_YOUR OBJECTIVE_
Please return the listing below word for word, minus its pictures.

_DATA BLOCK_
****************
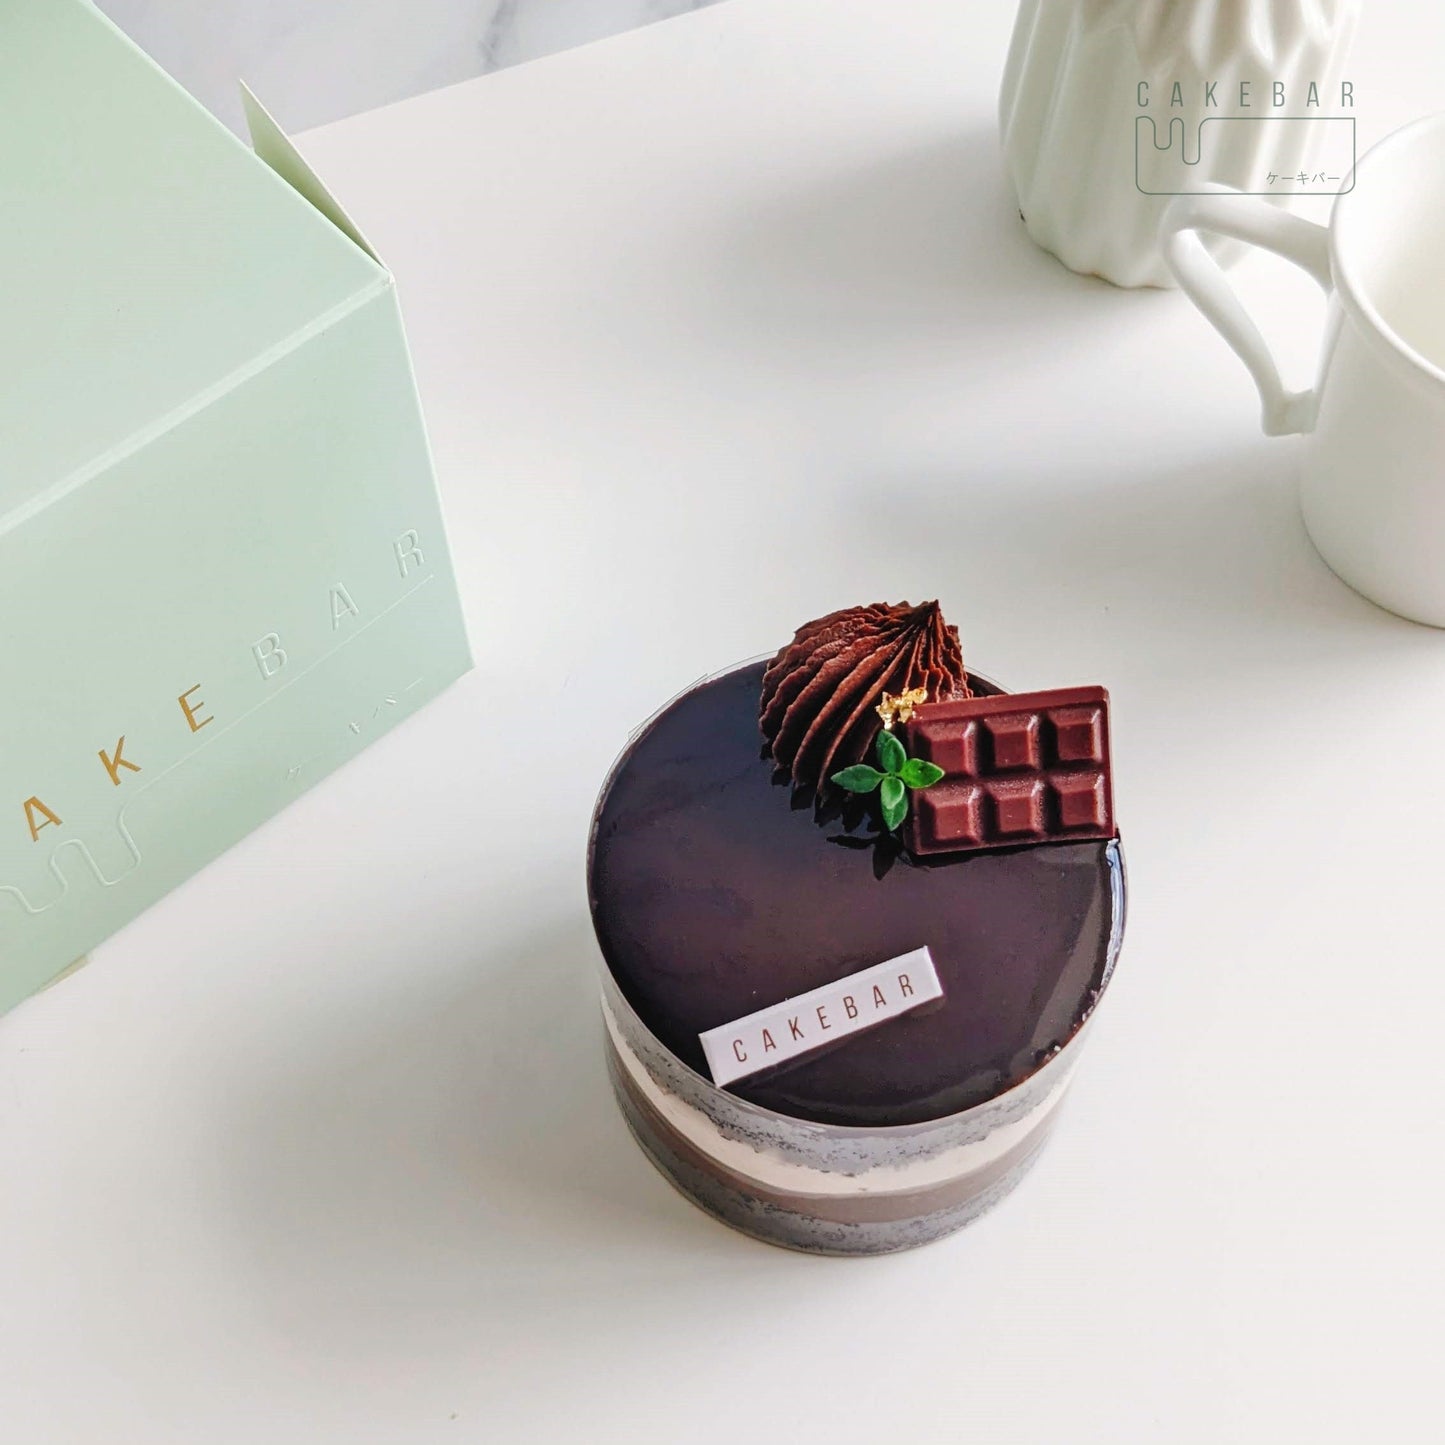 75% Dark Chocolate Fudge (Gift Box)
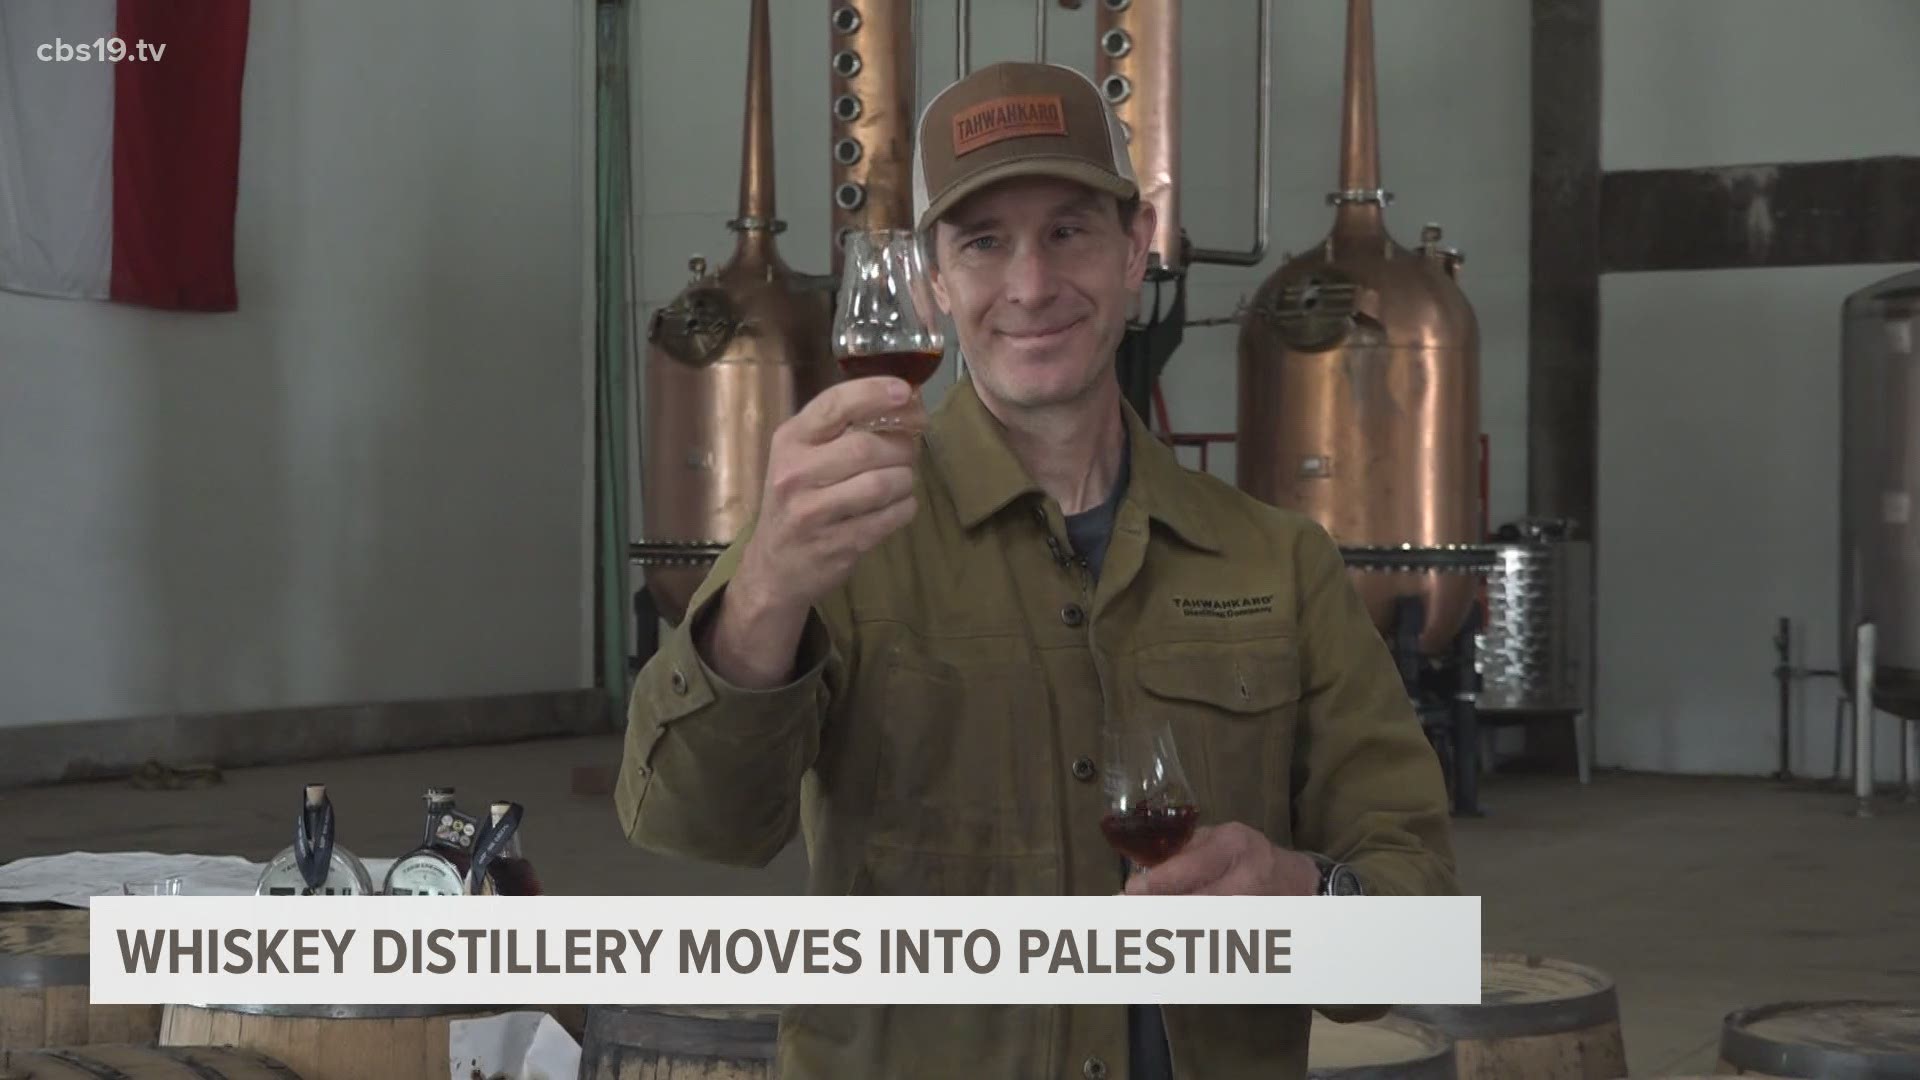 Inside look at TahWahKaro Whiskey distillery in Palestine
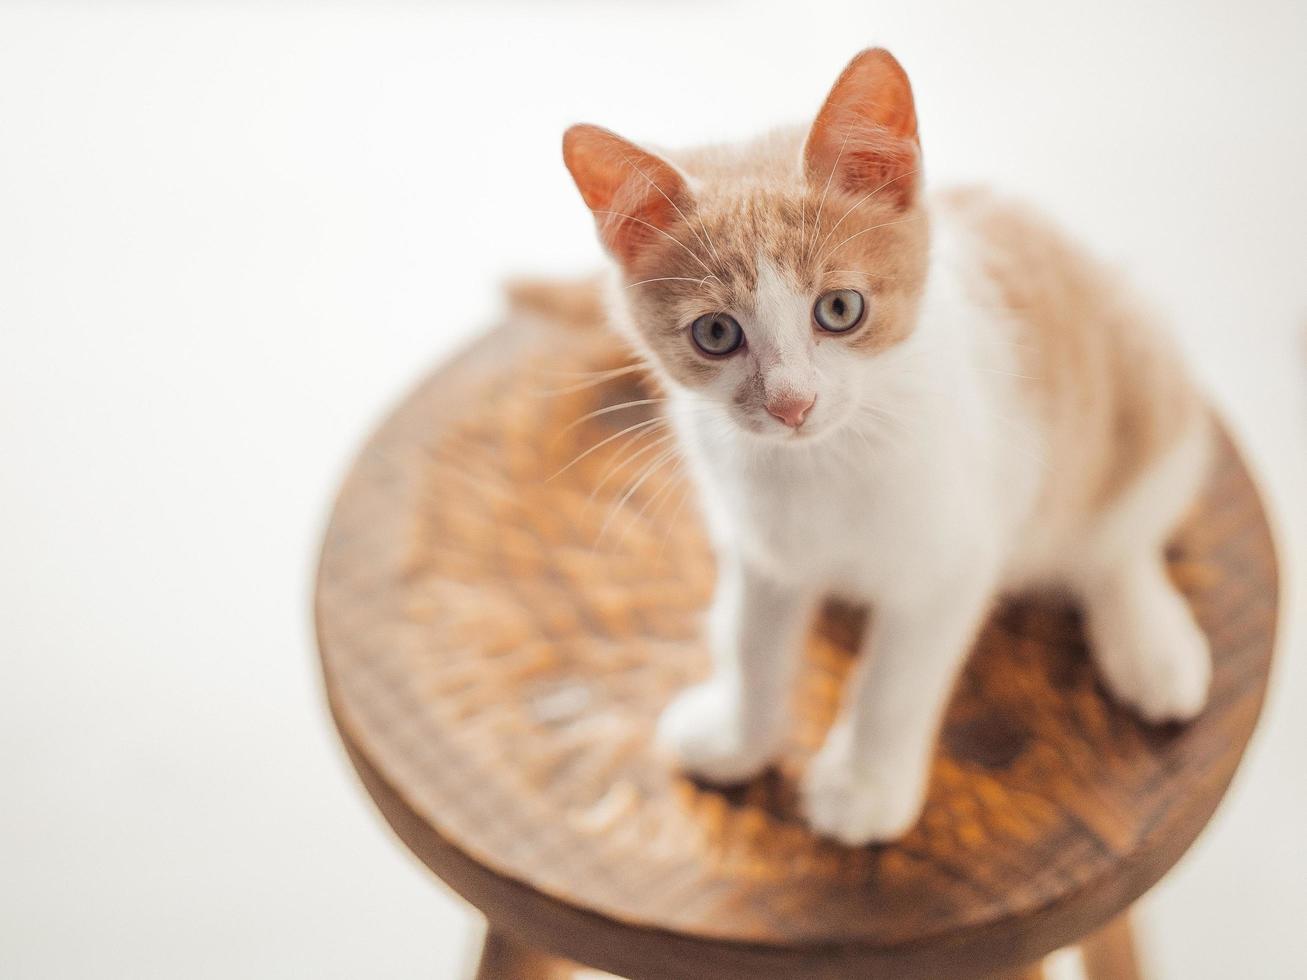 Gatito joven con hermosos ojos azules se sienta en una silla de madera foto
****************
_RESPONSE_
 75% Dark Chocolate Fudge (Gift Box)
 Inside look at TahWahKaro Whiskey distillery in Palestine
 Gatito joven con hermosos ojos azules se sienta en una silla de madera foto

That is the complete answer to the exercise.